Introduction

A breast abscess (BA) is a confined accumulation of inflammatory exudates within breast tissue. Duct blockage, sore nipples, and infrequent breastfeeding are the leading risk factors for the development of BA. BA is more common in lactating mothers, and incidence ranges from 0.4 % to 11% [1]. It commonly develops during the first month of lactation and weaning [2]. Usually, there is a delay in the diagnosis due to social stigmata. Patients may present with painful lumps in the breast along with other signs of inflammation and fever. Patients may have fluctuant or non-fluctuant breast lump with or without axillary lymphadenopathy. Clinical examination, along with ultrasonography (USG), helps to arrive at the diagnosis [3].

Treatment of the BA at an early stage includes antibiotics, breast support garments, cold compression, and analgesics. Incision and drainage (ID) is the standard form of therapy for BA, which is accompanied by extensive trauma, lengthy surgical incisions, and discomfort during dressing changes [4]. Patients frequently experience excruciating agony and psychological distress due to surgical scars and breast distortion [5].

Recent research has shown USG-guided needle aspiration as a successful and more popular alternative to ID for BA treatment [6]. This method has been successfully performed and is linked to fewer recurrences, superior cosmetic outcomes, and lower costs [7]. Although it has been shown that these minimally invasive techniques can be effective and safe in treating breast abscesses with small diameters (<3 cm) or unilocular collections, there are still several potential drawbacks. These include a lower cure rate, higher recurrence risk than incisive surgical drainage, the need for multiple aspirations, and difficulty treating multiloculated or long-standing abscesses [8]. Therefore, surgical drainage is frequently necessary and suggested in situations like a failure of needle aspiration or catheter drainage, large abscesses with a minimum diameter of 5 cm or more, multiloculated abscesses, and chronic abscesses [8]. However, there needs to be clear guidelines and data regarding which method is better for drainage. This study aims to compare surgical drainage versus guided needle aspiration for BA. In addition, we also looked at recovery time and post-operative pain associated with surgical drainage versus USG-guided needle aspiration.

This paper was presented at the 82nd Annual Conference of the Associations of Surgeons of India (ASICON 2022, Mumbai, 21st to 24th December 2022) and received "Best Faculty Paper Award (Second prize)".

Materials and methods

This study was a single-center, prospective randomized, controlled, non-inferiority trial done in a tertiary care hospital in south India from February 2020 to February 2022. The study received approval from the Postgraduate Research Monitoring Committee (PGRMC) and the Institute Ethics Committee (JIP/IEC/2021/018) at Jawaharlal Institute of Postgraduate Medical Education and Research. Additionally, the study was registered with the Clinical Trials Registry - India (CTRI) under the identifier CTRI/2020/05/025124.

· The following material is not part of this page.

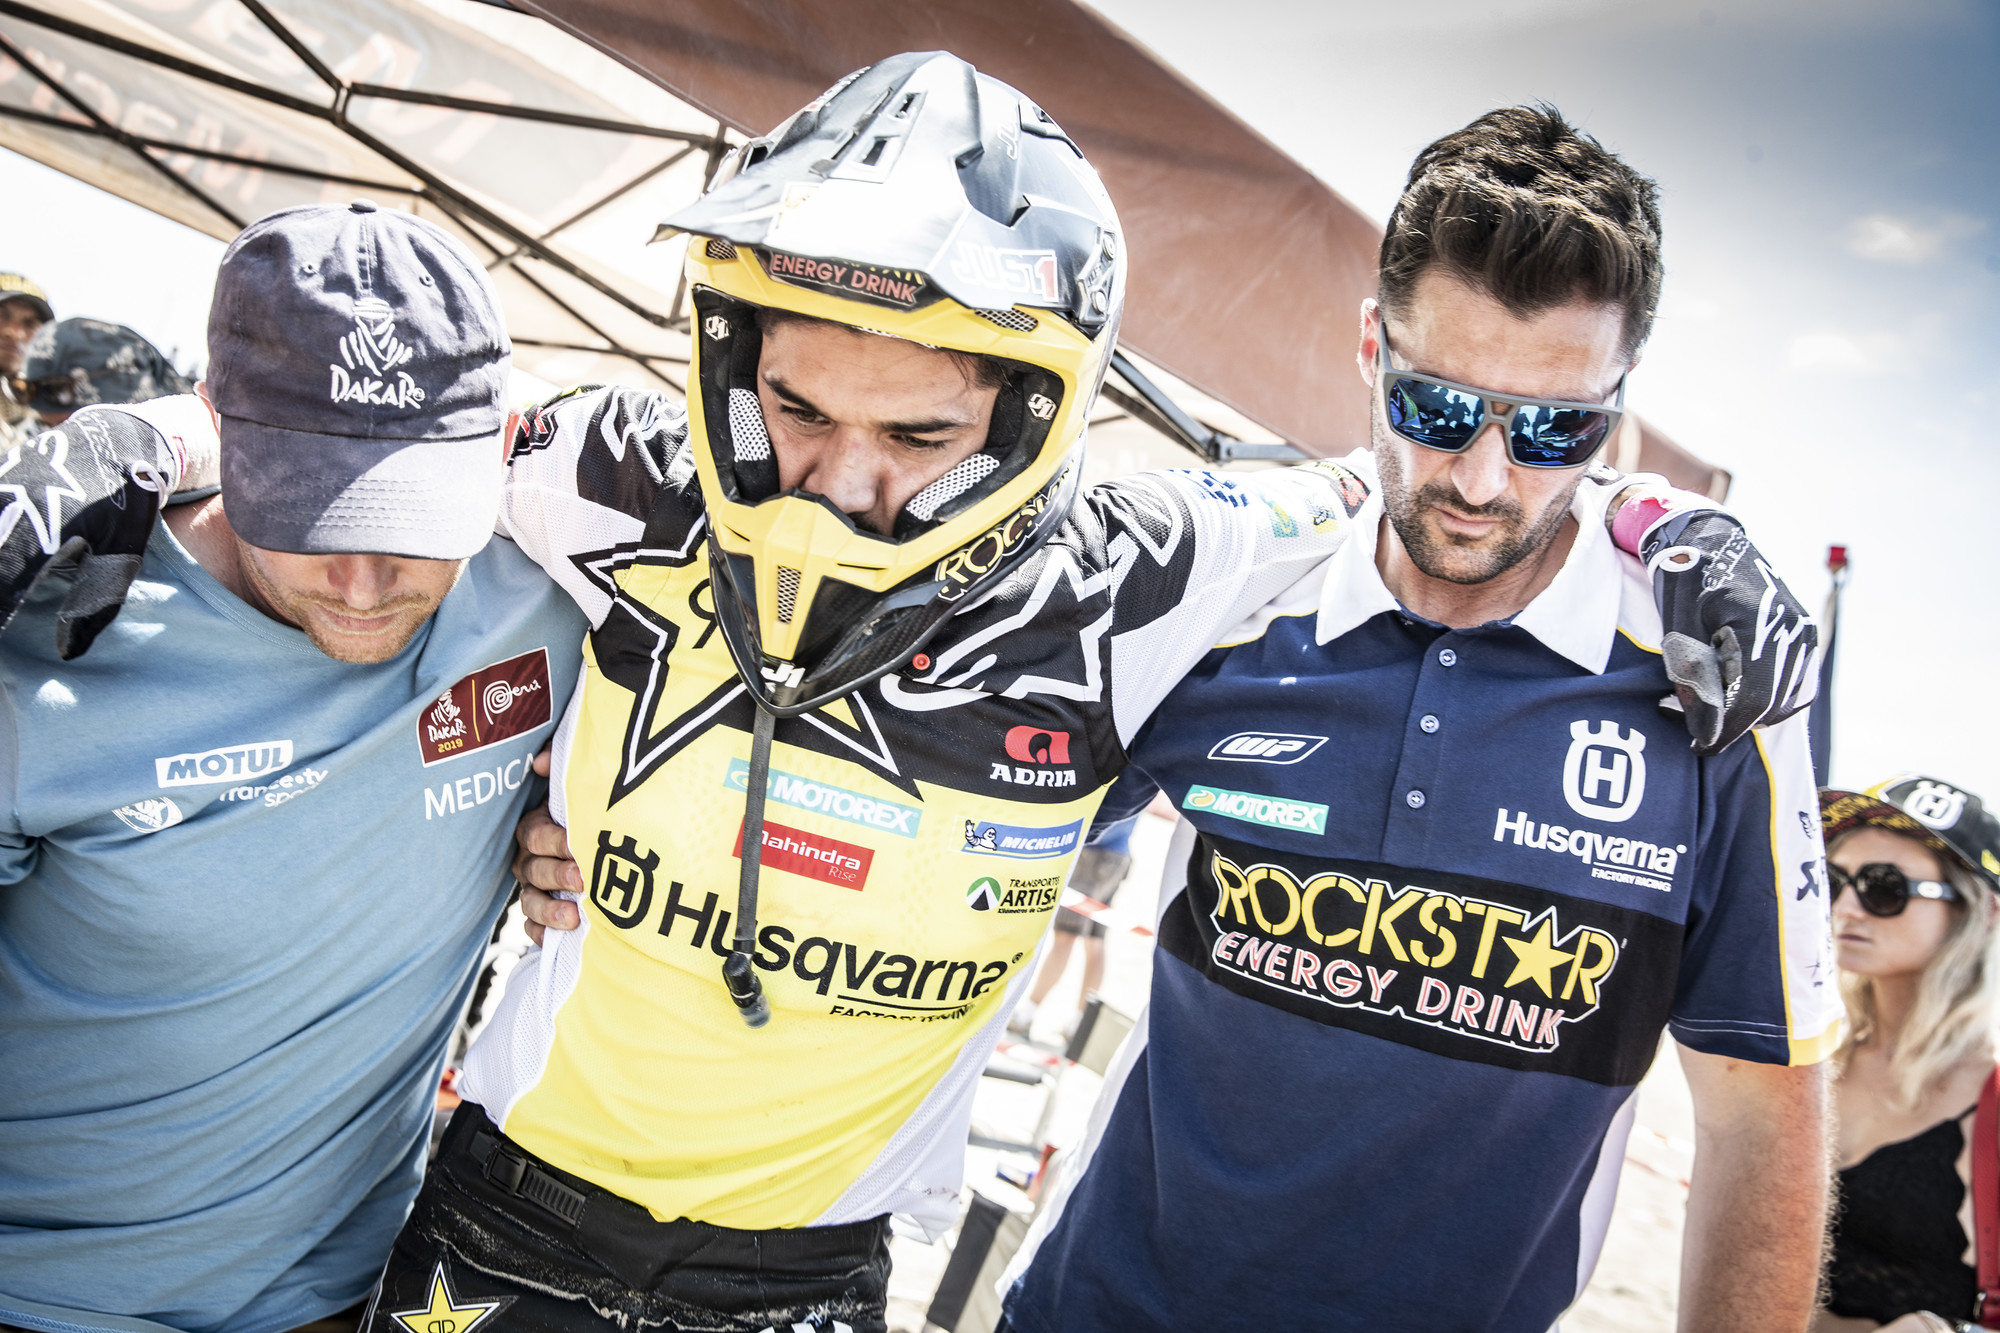 55668_pablo.quintanilla_stage10_Rockstar Energy Husqvarna Factory Racing_Dakar2019_152.jpg

All female patients with breast abscesses above 18 years of age presenting to the emergency or outpatient department (OPD) were included. Patients with spontaneous rupture of breast abscess, complicated breast abscess (ulceration, necrosis, multiloculated, suspicious malignancy), and immunocompromised individuals were excluded.

The sample size was calculated using nMaster version 2.02, considering the power of 80% and a level of significance as 5%, for declaring that the USG-guided needle aspiration is not inferior to the conventional ID at a 10% margin of non-inferiority (assuming that a larger proportion is desirable). Based on the previous literature review, a cure rate of 83% in the ID group and 95% in the USG-guided needle aspiration group, a total of 78 patients were included (39 in each group). 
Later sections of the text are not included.